How to Engage with Generative AI
- Andrew Patricio
- Mar 17
- 5 min read

Gen AI seems to be everywhere these days but when it comes down to it, very few organizations really understand what to do with it outside of off the shelf tools such as copilot & chatGPT, or the occasional custom chatbot.
Somewhat uniquely in the world of AI engaging with Gen AI requires the use of a model without having to actually train it yourself. This is exponentially cheaper because while it cost hundreds of millions of dollars to train a Large Language Model (LLM), it requires mere hundreds of dollars to run it.
Which means that the barrier to entry for Gen AI is very low. Add to that the fact that there are many foundational LLMs to choose from and it means that the best way to start working with Gen AI in your business is to start working with it in your business: experiment rather than plan.
The question then becomes how exactly does one experiment?
Gen AI as Word Association Game
Key to figuring out the best use cases for your business is to understand what Gen AI is and what it is not. There is a real revolution but there is also a lot of hype.
The first thing to understand is that Gen AI is not a model of knowledge, it is a model of language. At a very simplistic level, it’s really nothing more than a word association game.
The reason why you call the input to a gen AI tool a “prompt” and not a “query” is because the former is a more accurate description of what you are doing: You are not asking it for information, you are asking it to guess the next word based on the words you type in.
Want to understand what Gen AI does? Then think of it this way: "Fill in the blank: A children’s book about a cat is The Cat in the ___" If you grew up in the US, the clear answer is “hat”. Boom. Welcome to Gen AI.
While that may sound trivial, it’s actually a very complex task because the prompt could be anything. This is why these models require billions of parameters in order to make a good attempt at capturing all the different meanings and relationships between words.
At a very basic level when you enter a prompt what the LLM does is reach down through it’s massive model of how words are related to each other and determine what is the most likely word that would be expected in response to that prompt.
Then it takes that word and the original prompt, feeds all of that back into itself and guesses the next expected word. Over and over until the entire response is complete.

So when you use a Gen AI tool you are “prompting” it to start a series of word association games, you are not “asking” it to answer a question. Where this begins to move from a cool toy to a useful tool is when the prompt is much more ambiguous.
Distillation not Creation
What does this mean for your business? One way to figure this out is to recognize that Gen AI doesn't really generate anything from scratch. It pulls from the huge set of data it has been trained from.
Which means a better description of what Gen AI does is distillation.
It is not actually creating anything new, it is taking a very complete model of the relationships between words and coming up with a specific distillation of that complexity into a smaller set of words based on the prompt entered.
So when you are first engaging with gen AI the best way to think about it is NOT as an actual intelligence (even agentic systems), it's not HAL or C3PO or even skynet for that matter. Instead treat it as an information assistant. Very powerful but not a peer to human work.
A good analogy for Gen AI are supreme court clerks. The clerks do not replace the justices but they allow them to do their work much more effectively.
The justice comes up with the overall structure of their argument and then asks their clerks to help flesh it out. Maybe find a precedent for certain aspects or look into the nuances of particular laws. Its a conversation between the justices and their clerks.

In the same way as a clerk, a Gen AI tool is not able to create anything brand new but it is very effective at finding and effectively summarizing relevant information from what it's been trained and the documents its been fed along with the prompt.
Gen AI only knows what it has seen
LLMs are able to perform well in this situation because they have been trained by billions of examples of high quality text and images.

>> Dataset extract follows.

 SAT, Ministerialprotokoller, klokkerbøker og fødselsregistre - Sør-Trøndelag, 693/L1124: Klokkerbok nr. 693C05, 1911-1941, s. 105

But despite that, these Gen AI "clerks" only know what they've been told and sometimes the responses can get a little squirrelly.
The best example by far of how this can go awry is to ask a tool like chatGPT to create an image of a clock displaying a particular time, say 7:45. No matter what time you ask it to show, it will always display a clock showing 10:10.
This is because 99% of the clock images from the internet in its training set show the hands in that position because they are balanced in a pleasingly symmetrical way.

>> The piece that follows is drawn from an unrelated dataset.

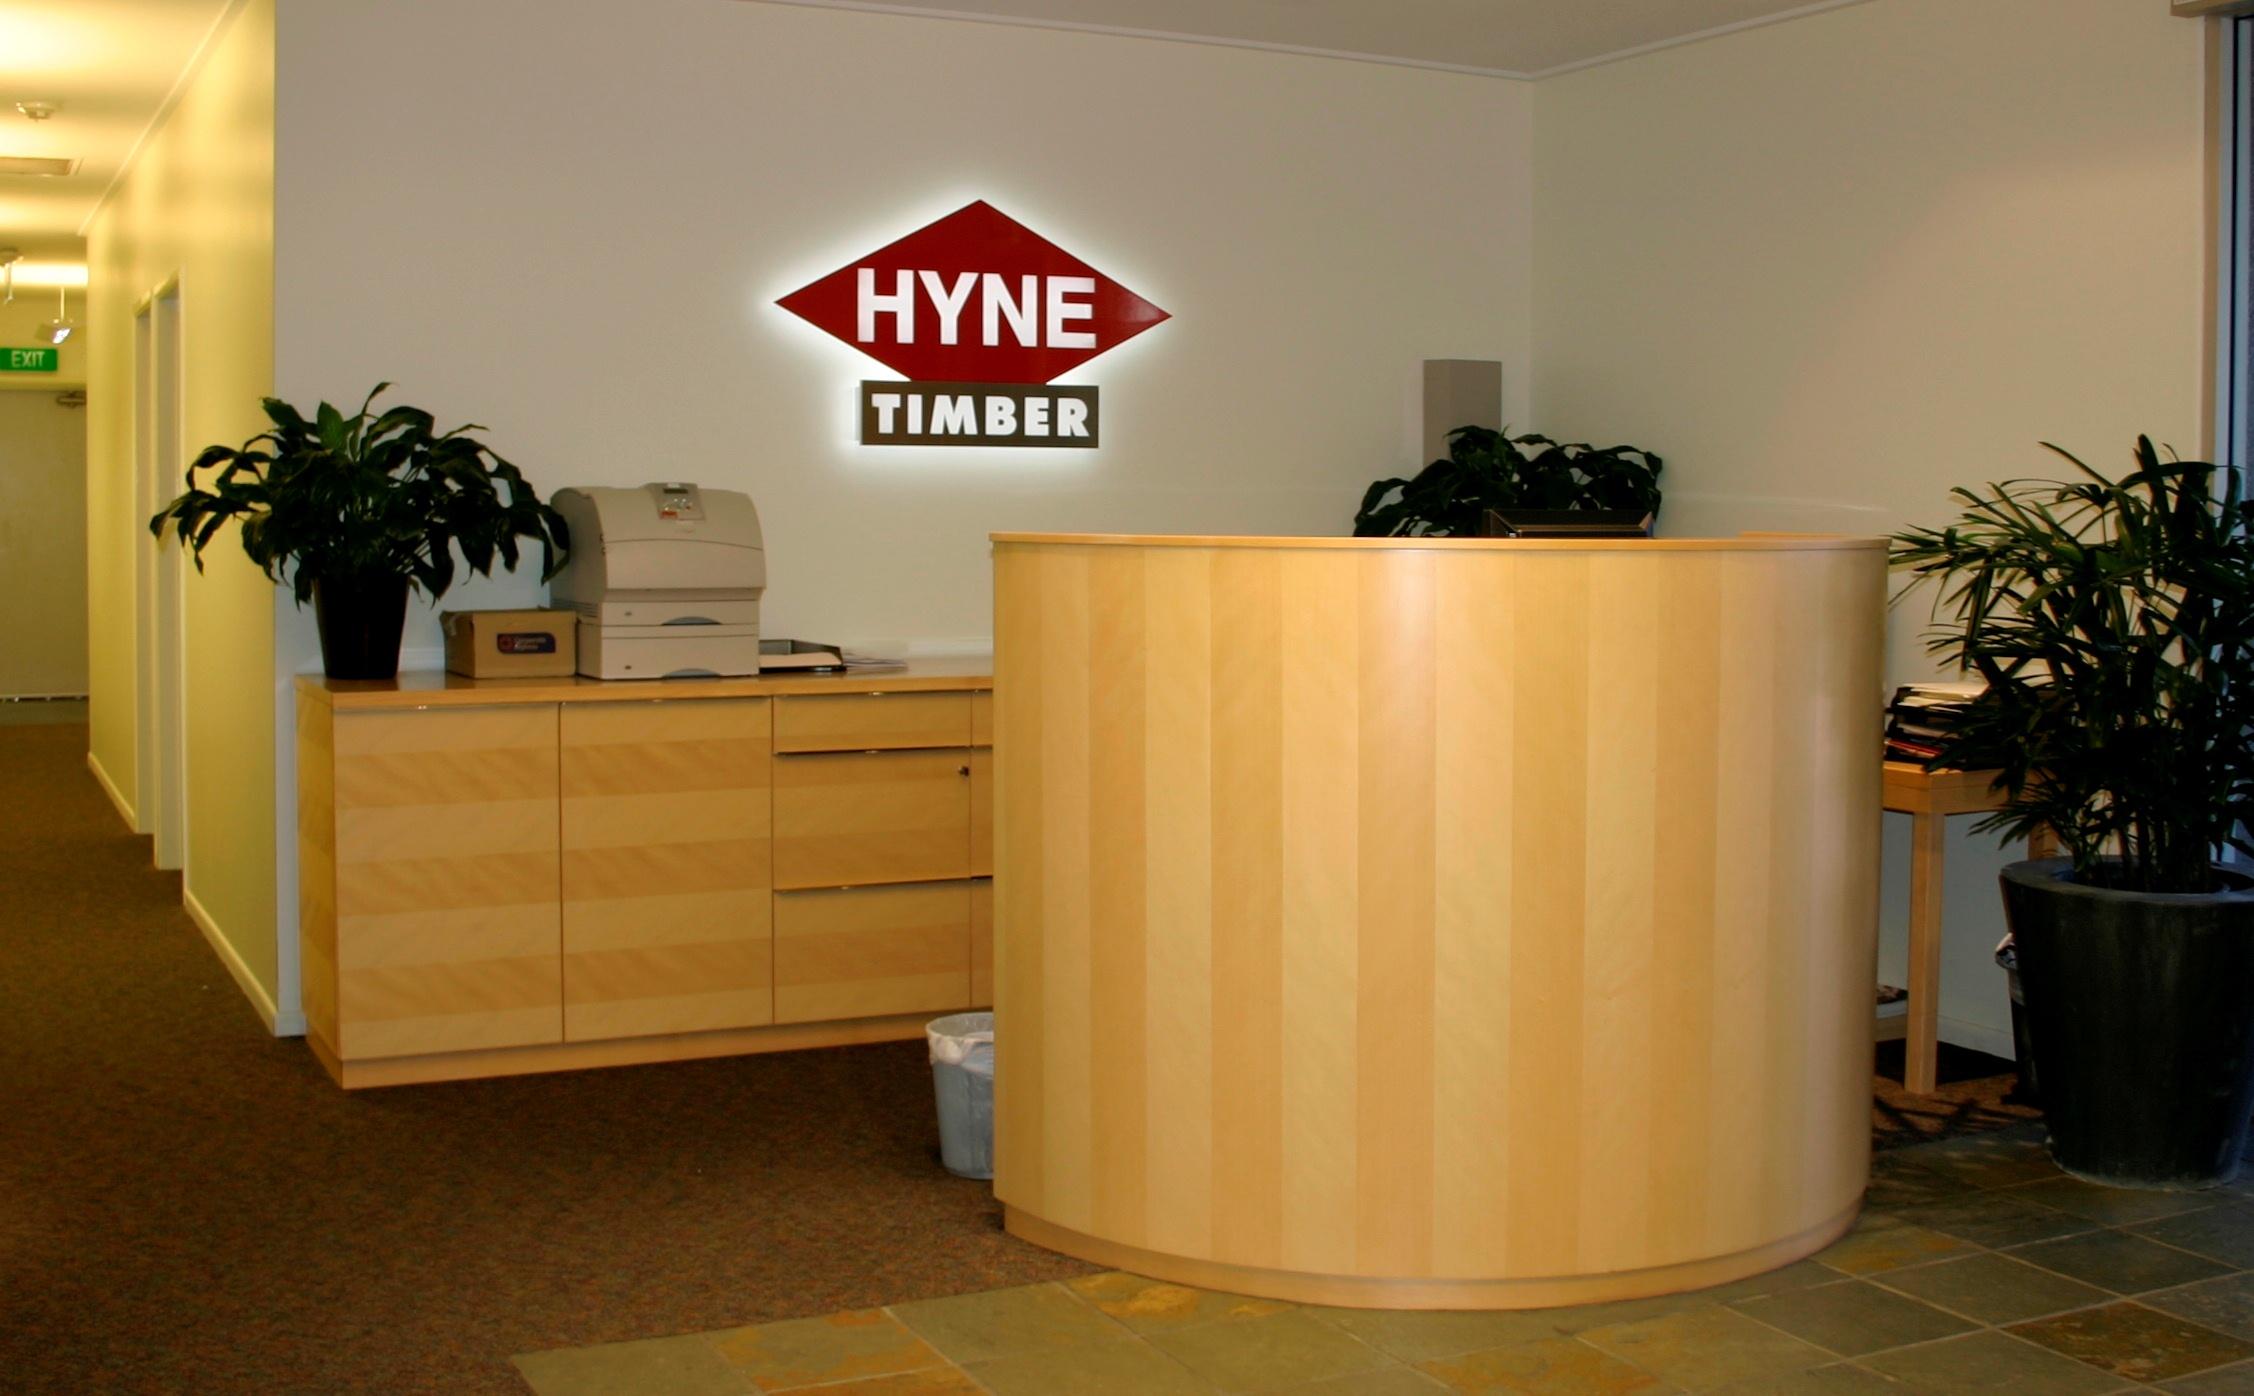 Hyne reception

While this is obviously wrong, when you are dealing with a more particular domain of knowledge this means that in the same way as a supreme court justice, the Gen AI response must be vetted and edited into the final product by the person with expertise. It’s not so much human in the loop as it is human in charge.
Human + Gen AI
Lacking this, you will often still get some value. However, inevitably there will be nuance lost. And in a world where everyone is using Gen AI, the human component will start becoming the differentiator. Not merely in expertise, but in how to use Gen AI to effectively augment that expertise.
So when you think about engaging with Gen AI in your business, start with your domain subject matter experts and give them the freedom to experiment with how it can best be deployed. Only by developing the expertise of your business in how to use Gen AI at the same time you develop the actual tools themselves will you meet with sustainable success.